Elle grimaça et avança vers le sofa, s'affalant de toute sa longueur.

_ Bah la candidate que je t'ai envoyée par E-mail, dis moi que t'as considéré son offre. Elle fait du bon montage et clairement j'en ai un peu marre d'en faire.

Je l'ai plus que considéré.

_ Oui je l'ai reçu et embauché.

...et baisé.

_ Super, soupira-t-elle.

La nouvelle monteuse était une grande rousse aux cheveux ondulées qui retombaient sur son cul bien rebondie. Je ne pouvais m'en empêcher, et puis ça lui fera un petit bonus dans son emploi. Elle pourra assouvir ses besoins financiers et sexuels grâce à un seul et même homme. Moi. Et sans prétention je suis un très bon parti.

_ Aaron est venu ? demanda-t-elle au bout de quelques minutes.
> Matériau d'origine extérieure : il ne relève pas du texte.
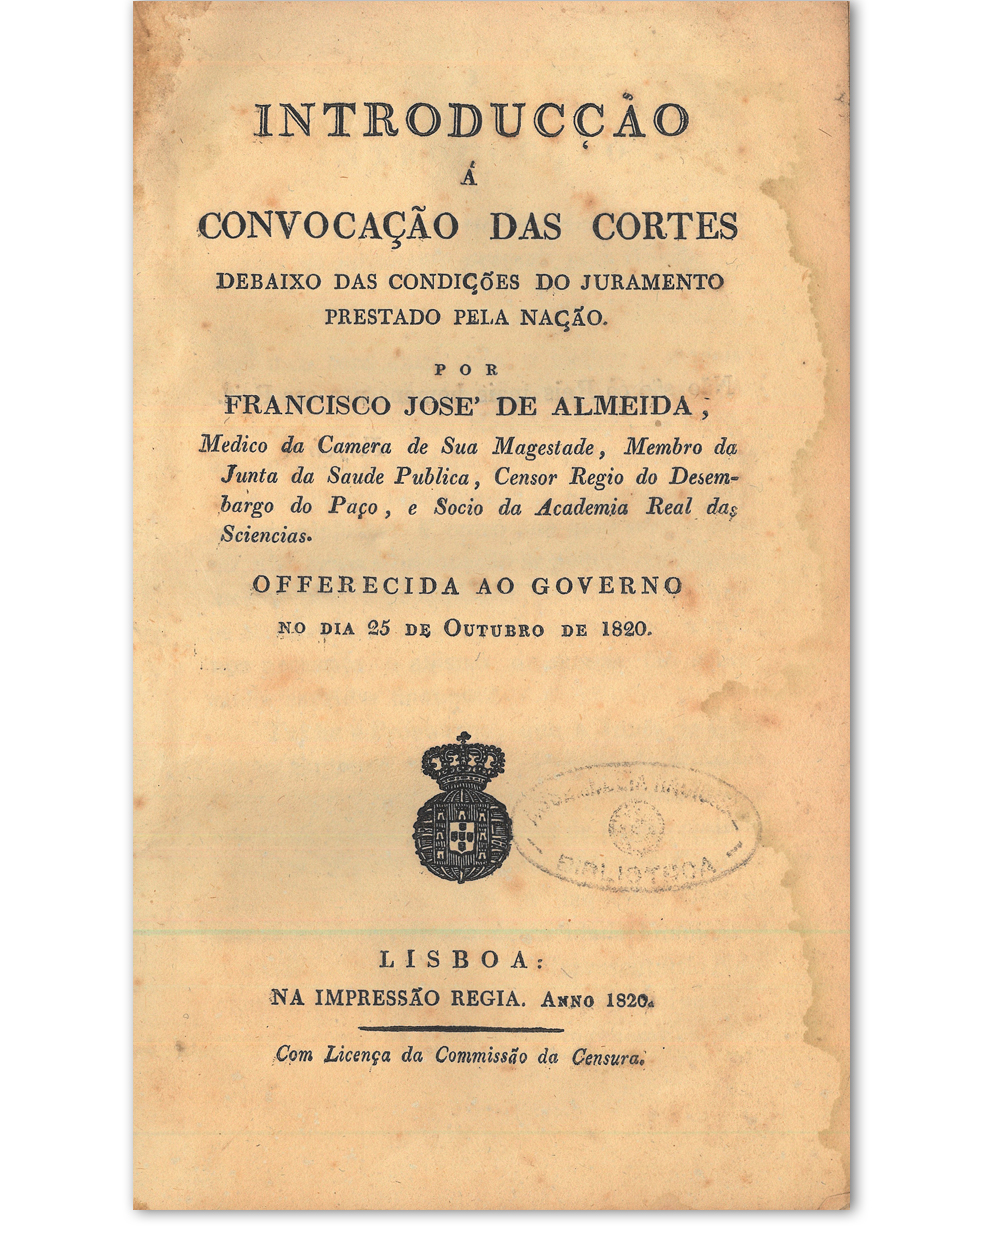 Introducção à convocação das Cortes debaixo das condições do juramento prestado pela nação / Francisco José de Almeida. Lisboa : na Impressão Régia, 1820. Cota: 2/1820

Je lui jetai un regard complice, qui voulait dire un tas de chose. Et elle me grimaça en me lançant un « quoi ?! ».

_ Non, mais si tu veux je l'appelle et je vous laisse le sofa.

_ Ferme ta gueule.


J'éclatai de rire et elle me fit un doigt d'honneur.
Catalena est l'une des rares personnes (et quand je dis rare je le pense) qui est arrivée à casser mon cocon. Même si pour y pénétrer il lui faudra plus d'efforts. Le fait qu'elle puisse me voir à travers les maigres fissures qu'elle a taillé fait d'elle une personne importante à mes yeux. Elle me voyait comme j'étais, et je n'avais pas à jouer les mecs durs pour la faire fuir et éviter toute ambiguïté.

_ Je voulais lui parler d'un projet, mais vu que t'es là j'vais t'en parler, commença-t-elle.

Son ton soudain sérieux et retissant me poussa à déposer ma guitare près de moi et à tendre l'oreille.
Un projet ?
Elle est enceinte ! Pourquoi me le dire à moi. Je suis le pire conseiller en matière de responsabilité. Si j'en étais le père je fuirai certainement.